После первой ночи последовала тугая, напряженная пауза. Удовлетворив первый порыв, Орф заосторожничал: ему не хотелось скандала, и он, к тому же, вспомнил о пошатнувшейся было идее семьи, продолжавшей казаться ему пусть менее яркой, но более надёжной, чем идея российского хеппенинга, который мало ли чем мог закончиться, Орф, по изящному выражению Бреме, «пару раз, бздя, обошел Наташу стороной» — такое с ним было впервые. Наташа ждала встреч, но не искала — достоинство не позволяло ей шагнуть к мужчине, который, — а кто его, немца, знает — может быть, её уже забыл. Прошла неделя или две недели: Наташа решила: забыл. Небо над ней раскололось, мир помутнел. Она чахла, худела, бледнела, лежала часами лицом к стене, по ночам плакала, а по пустякам — срывалась; в общем — она любила.

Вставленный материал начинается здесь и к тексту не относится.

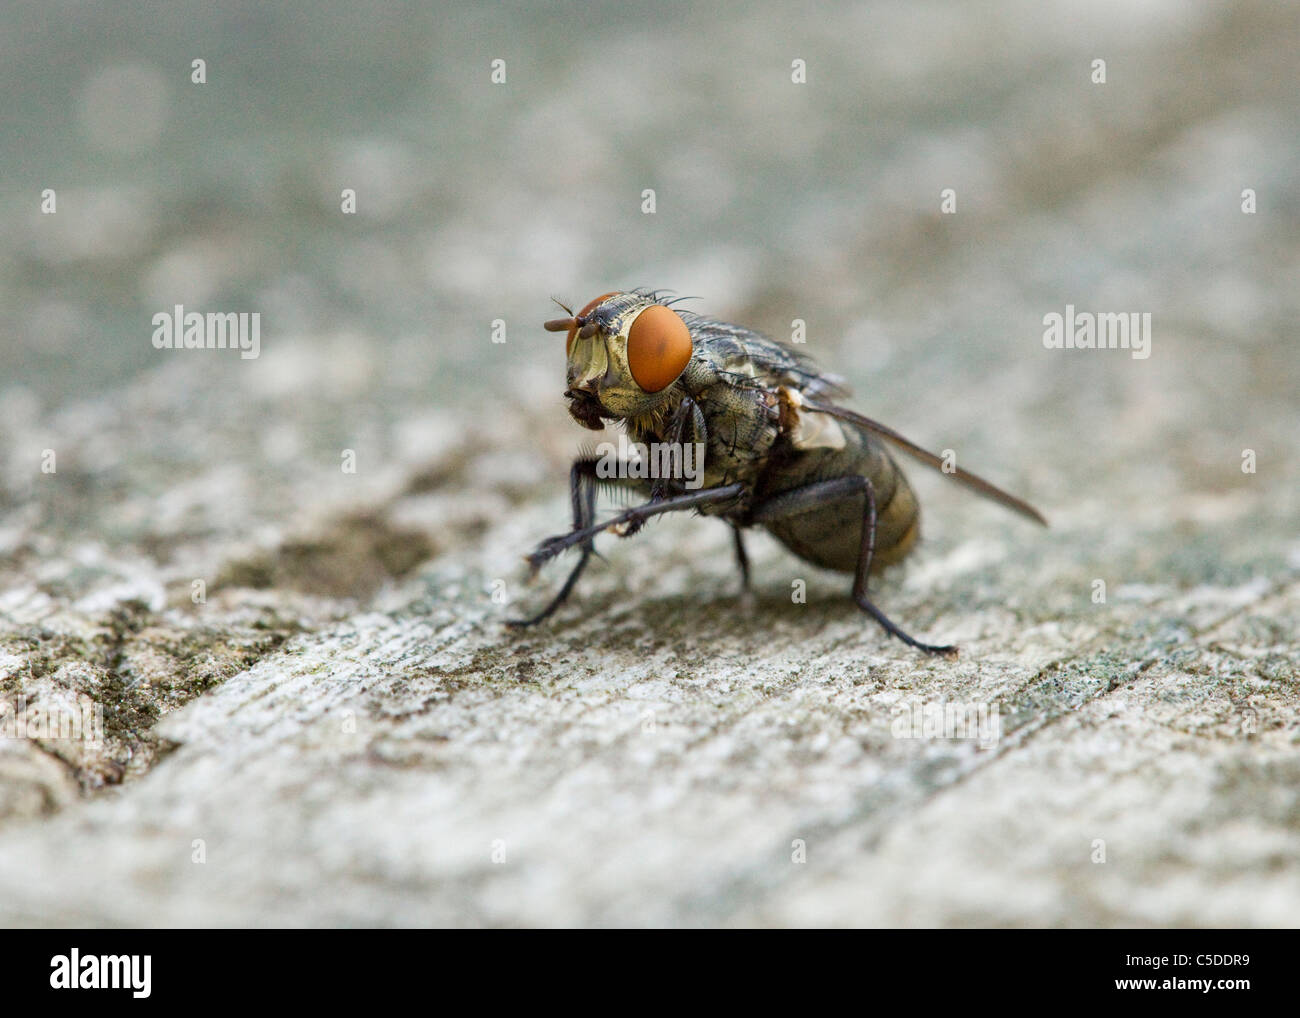 Common housefly (Musca domestica) closeup detail Stock Photo
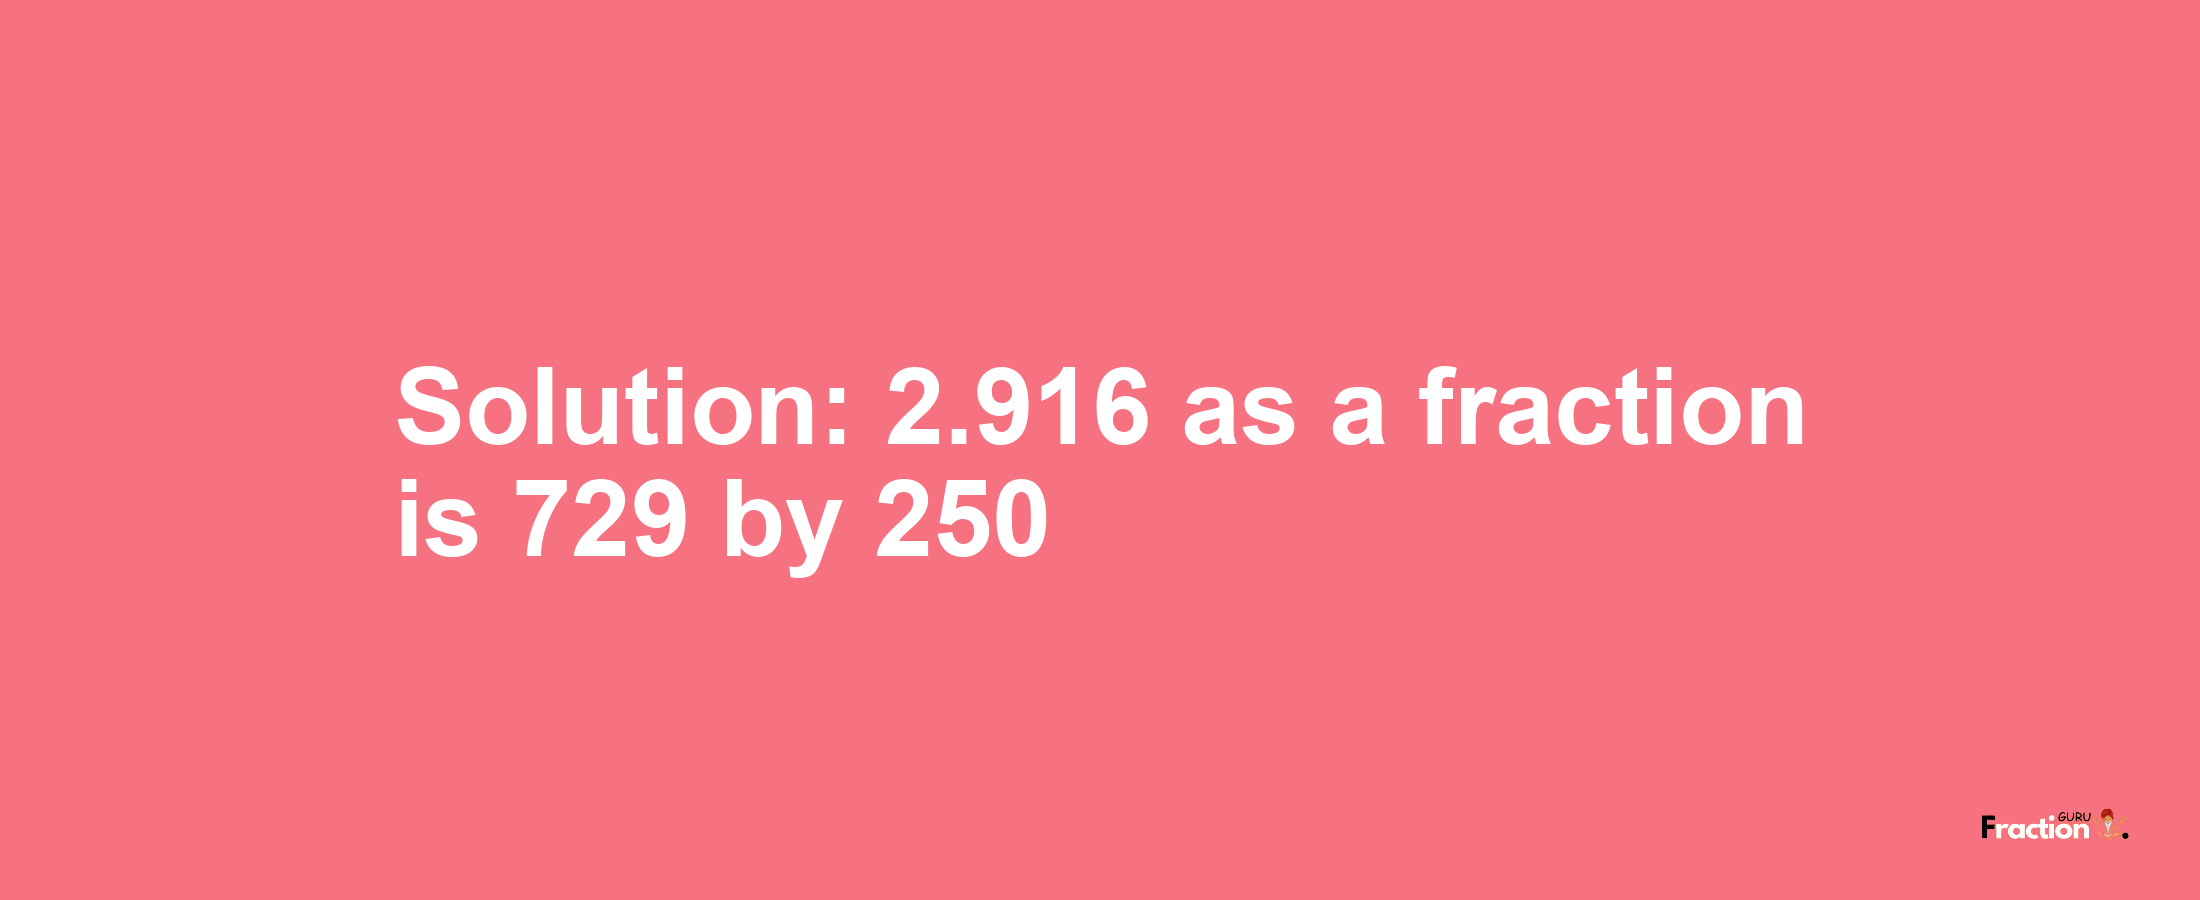 Solution:2.916 as a fraction is 729/250

А Фридриха вдруг пригласили — в качестве то ли экспоната, то ли патриарха — на какой-то крутой симпозиум в Вену 18; он поехал из любопытства, окунулся в бурную и — вот странно — до сих пор весёлую богемно-учёную жизнь, с удивлением обнаружил, что его имя внесено во все модернистские святцы, что его искусство не сдохло, как старая кляча, под забором с надписью Beatles 19, а цветёт, пышет здоровьем 20, завоёвывает площади и салоны; проводятся фестивали и трансконтинентальные перформенсы, выросли новые звезды, и они, эти новые звезды, рады видеть Фридриха в своей цыгановатой компании... Орф вернулся в Веренинг в цветах и поцелуях, подписавшись на участие в нескольких выставках и акциях и полный желания разрисовывать втиснутого в его багаж бумажного змея: в тот год сто авангардистов Европы развезли по своим сусекам сотни змеев, чтобы разукрасить их — вдоль, вусмерть — и запустить через год в небо Парижа 21. Орф — простим себе ещё один претенциозный образ — благоухал.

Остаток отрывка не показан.